Kongress der Zeitungsverleger: Sehen, staunen, wissen

Ein Pirat durfte sich beim Verlegerkongress gegen ein Leistungsschutzrecht aussprechen. Ein ahnungsloser Ex-Verteidigungsminister war dafür.

Punktsieg gegen Springer-Mann Strunz: Pirat und Musikproduzent Bruno Kramm. Bild: dapd

BERLIN taz | Beim Kongress des Bundesverbands Deutscher Zeitungsverleger (BDZV) prallen manchmal Welten aufeinander. Nicht nur, weil da der ewige RTL-Nachrichtenanker Peter Kloeppel auf dem Podium sitzt. Und sich staunend anhören darf, dass Ex-Deutschlandfunker Ernst Elitz allen Ernstes sagt, bei Bild und RTL hätte der Journalismus heute eine investigative Funktion, „die früher der Spiegel allein hatte“.

Sondern vor allem, weil der Bundesverband Deutscher Zeitungsverleger sich in diesem Jahr wirklich etwas getraut – und einen Piraten eingeladen hat. Bruno Kramm, Bundesbeauftragter seiner Partei für Urheberrechtskonzepte, kam, sah und siegte. Was ihm schon dadurch gelang, dass er sich durch Hütchen und Haarfarbe wohltuend vom in Anthrazit gekleideten Verlegerpulk abhob.

Weil Hemmschwellen zu überwinden waren, schmiss sich Moderator Claus Strunz wie im Kinderfernsehen an Kramm ran: der Pirat, das unbekannte Wesen. Kramm trug’s mit Fassung und gewann gegen die süffisant-kritischen Fragen des Springer-Manns nach Punkten: Freier Zugriff auf urheberrechtliche geschützte Werke im Netz könnten durchaus Sinn ergeben, weil die so größeren Nutzerkreisen überhaupt bekannt würden. Und: Stimme die Qualität, stelle sich auch Zahlbereitschaft ein.
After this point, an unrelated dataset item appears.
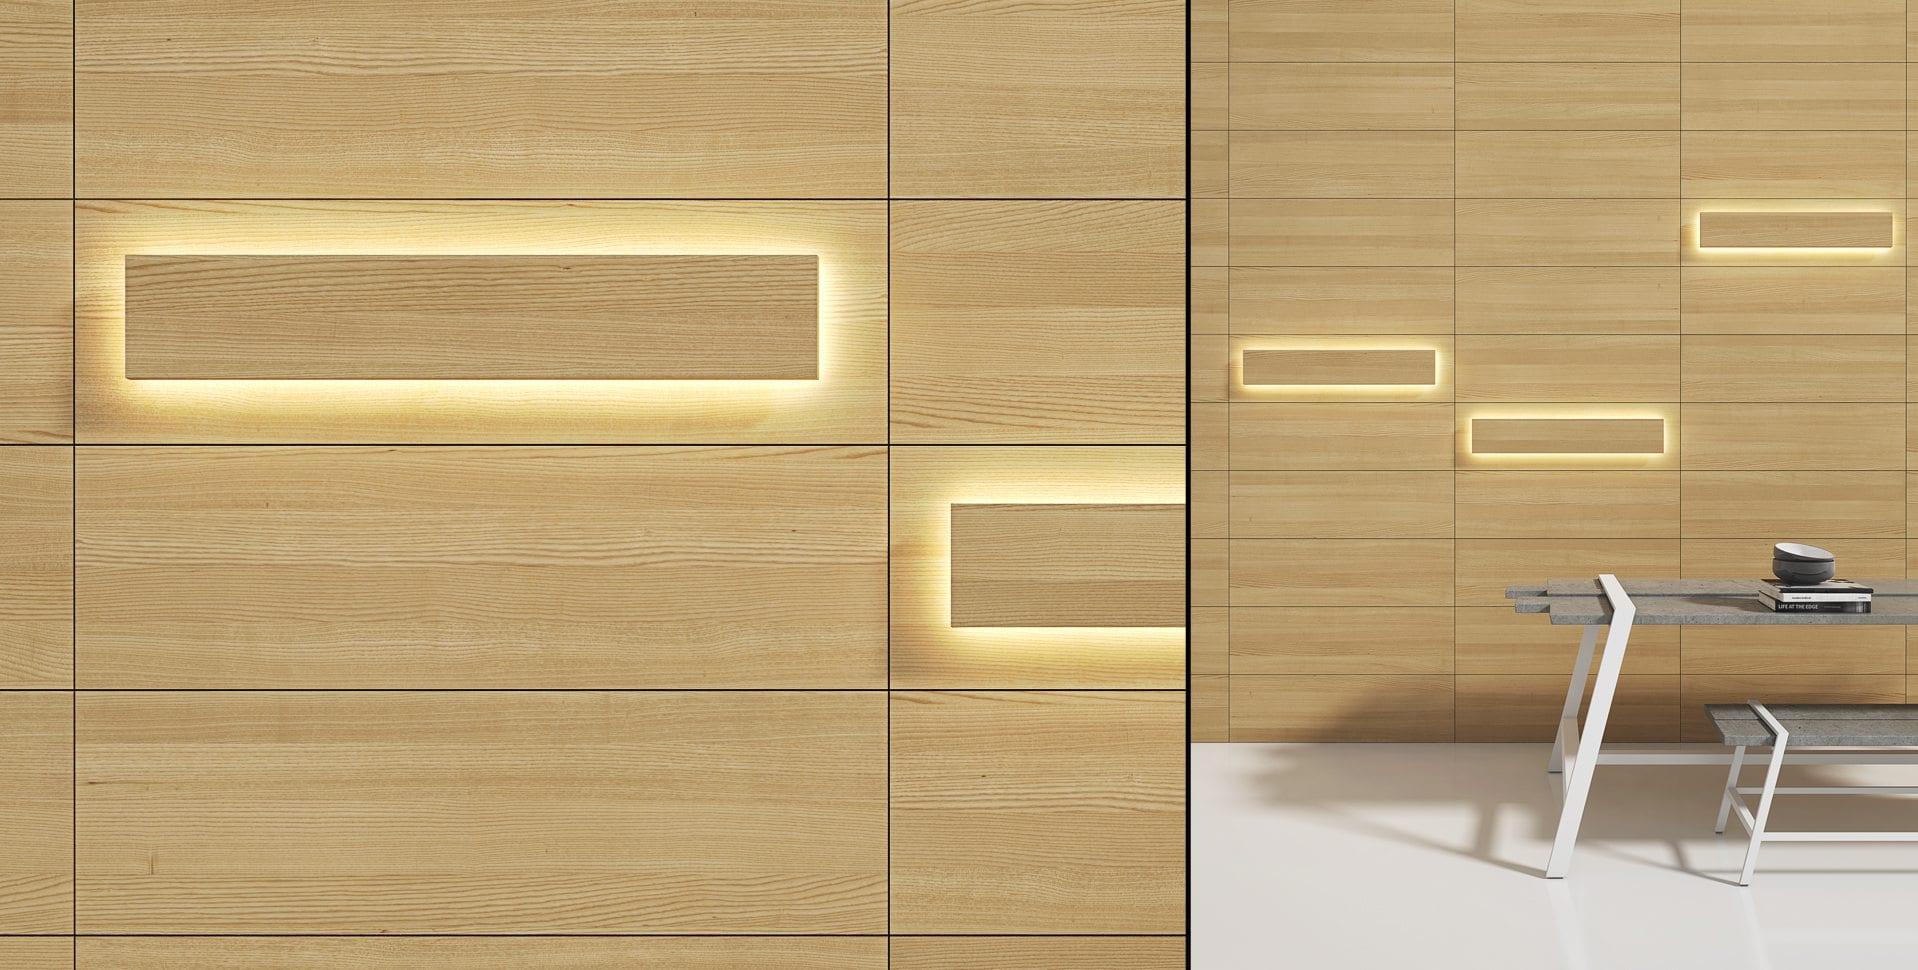 Maayan-Golan_Architectural-Visualization_product-visualization_wall-tiles_lighting-fixture_itai-bar-on_dining_07

Dem geplanten Leistungsschutzrecht für Presseverlage konnte Kramm erwartbarerweise nichts abgewinnen, es führe nur zu weiteren „Mautstationen im Netz“.

Und dann war da noch Franz-Josef Jung. Sie erinnern sich – das war dieser Verteidigungsminister, an den man sich eher nicht erinnert. CDU-Politiker, blass und bieder. Seit ein paar Monaten könnte er allerdings für die Verleger wichtig sein: Jung ist nämlich neuer Vorsitzender des medienpolitischen Expertenkreises der CDU. Deshalb saß er beim Verlegerkongress mit auf dem Podium, neben Hamburgs Bürgermeister Olaf Scholz (SPD). Der hat Medienpolitik in der Hansestadt zur Chefsache gemacht.

Um es mal vorsichtig zu sagen: Die CDU mit Jung nicht gerade. Da konnte Strunz noch so harmlos fragen – bei Jung tat sich ein Abgrund von Ahnungslosigkeit auf. Dabei sitzt er schon seit Jahren im ZDF-Fernsehrat, wo er in Treue fest die anderen staatsfernen Unionsfreunde zur Abstimmung führt. Doch auch da scheint er nicht viel mitzubekommen: ARD und ZDF sollten nicht so auf die Quote schielen, sprach Jung. Allerdings habe er schon Verständnis dafür, dass sich „auch die öffentlich-rechtlichen Sender im Werbemarkt behaupten und möglichst viele Zuschauer erreichen müssen“. Aha.

Immerhin: Jung sprach sich klar für ein Leistungsschutzrecht aus. Ohne gleichzeitig dagegen zu sein. Und die Verleger klatschten erleichtert.

Nur um sich beim Auftritt von Bundesjustizministerin Sabine Leutheusser-Schnarrenberger (FDP) wieder das Haar zu raufen. Ihr Gesetzentwurf für ein Leistungsschutzrecht geht den Verlegern eigentlich nicht weit genug. Doch wenn er nun wenigstens schnell vor dem Bundestagswahlkampf durchs Gesetzgebungsverfahren gepeitscht wird, wollen sie zufrieden sein.

Doch was macht die Ministerin, der viele Verleger insgeheim vorwerfen, sie würde das Gesetz am liebsten einfach verschleppen? Sagt, sie wünsche der Petition der Piraten gegen das Leistungsschutzrecht „viele Unterschriften, denn Einmischung und Debatte ist gut für die Demokratie. Dann laden wir Experten ein und machen eine große Anhörung.“ Und dann ist die Legislaturperiode längst vorbei. Aber das sagte die Ministerin natürlich nicht.